Vayamos un poco más atrás. Desde 1995 el gobierno de Ernesto Zedillo fue extendiendo en la entonces llamada “zona de conflicto” el fenómeno de la paramilitarización de comunidades, simétrica a la masiva ocupación militar decretada el 8 de febrero de ese año, cuando el gobierno salió a la caza de la comandancia zapatista, lanzó una ofensiva de tropas en la selva Lacandona, la zona norte y los Altos, y prácticamente ocupó las comunidades.
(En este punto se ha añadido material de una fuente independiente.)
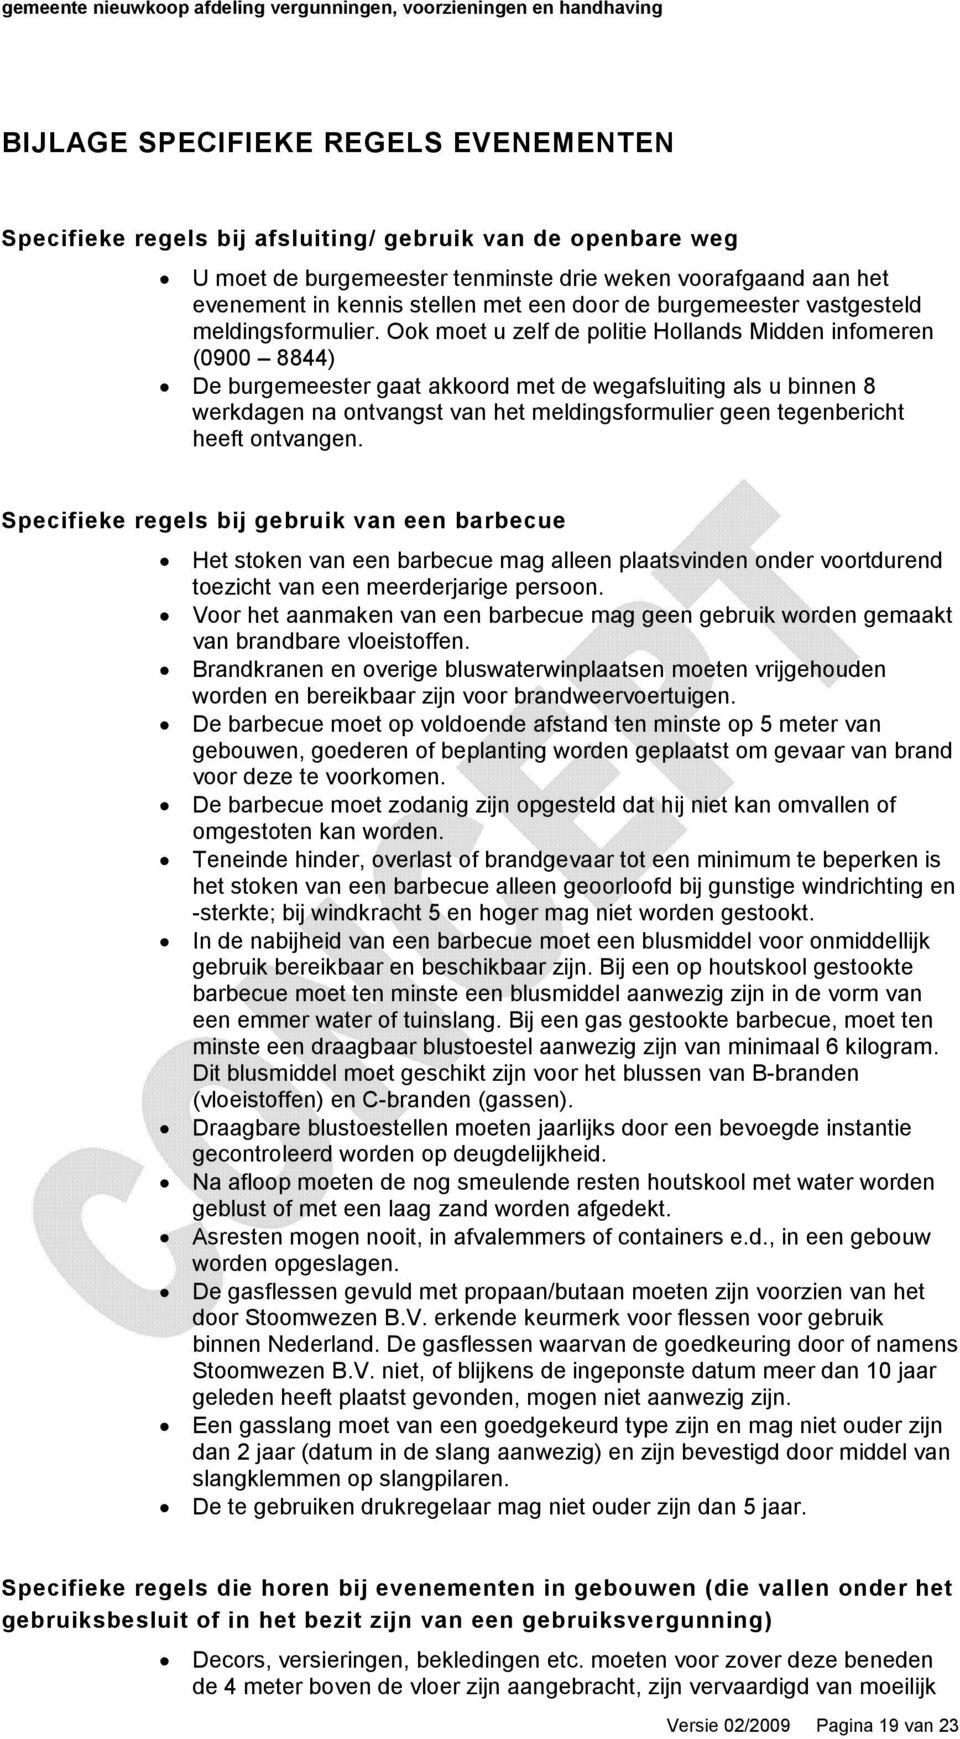 Ook moet u zelf de politie Hollands Midden infomeren (0900 8844) De burgemeester gaat akkoord met de wegafsluiting als u binnen 8 werkdagen na ontvangst van het meldingsformulier geen tegenbericht

Con ello, el Ejecutivo quebrantaba su palabra, una oferta de diálogo hecha al EZLN poco antes de la ofensiva, mediante el secretario de Gobernación, Esteban Moctezuma, y la subsecretaria Beatriz Paredes. Ese encuentro abortado quiso funcionar como carnada para capturar a la comandancia rebelde. Desde entonces, los zapatistas llaman a aquello “la traición de Zedillo”. No sería la única. Otra más cancelaría las negociaciones de paz (que no se han vuelto a concretar) al incumplir los acuerdos de San Andrés, firmados en febrero de 1996 por los representantes del gobierno federal y directamente aprobados por el secretario Chuayffet. Su antecesor Moctezuma había dejado el cargo un año atrás, a raíz de su “negociación” desfondada por el propio presidente.
Se fueron sucediendo episodios diversos, algunos de envergadura. Los gobernadores priístas de Chiapas caían uno tras otro, antes y después de las elecciones de 1995, oficialmente “ganadas” por el candidato del PRI, Eduardo Robledo Rincón, en un ambiente de fraude e imposición. El presunto perdedor, Amado Avendaño, tras sobrevivir a un atentado que lo dejó en silla de ruedas varios meses, se convirtió en “gobernador en rebeldía” con el apoyo del PRD, las organizaciones independientes, la sociedad civil y el EZLN. Robledo dejaría el cargo en pocas semanas, y lo sustituyó Julio César Ruiz Ferro, ex funcionario federal que desconocía por completo la entidad. Su mandato, que culminó abruptamente con la matanza de Acteal, fue pasivo y obediente a una política trazada desde arriba.
El verdadero “gobierno” de Chiapas lo ejercía el Ejército; la administración ruizferrista colaboraba o dejaba hacer. Como jefe militar en la zona de conflicto fungía desde 1995 el general Mario Renán Castillo Fernández, quien así llegó a ser un “jefe de ejércitos”, algo que hasta entonces sólo podía ser el secretario de Defensa Nacional, a la sazón el general Enrique Cervantes Aguirre. Remplazado por el general José Gómez Salazar, Renán Castillo dejaría el cargo el 16 de noviembre de
Mes y medio antes de la tragedia, los investigadores Andrés Aubry y Angélica Inda recapitulaban: “La colaboración de los políticos con la ‘guerra irregular’, mexicanización semántica del conflicto de baja intensidad, hace resurgir ante nuestros ojos un nuevo actor, el paramilitar”.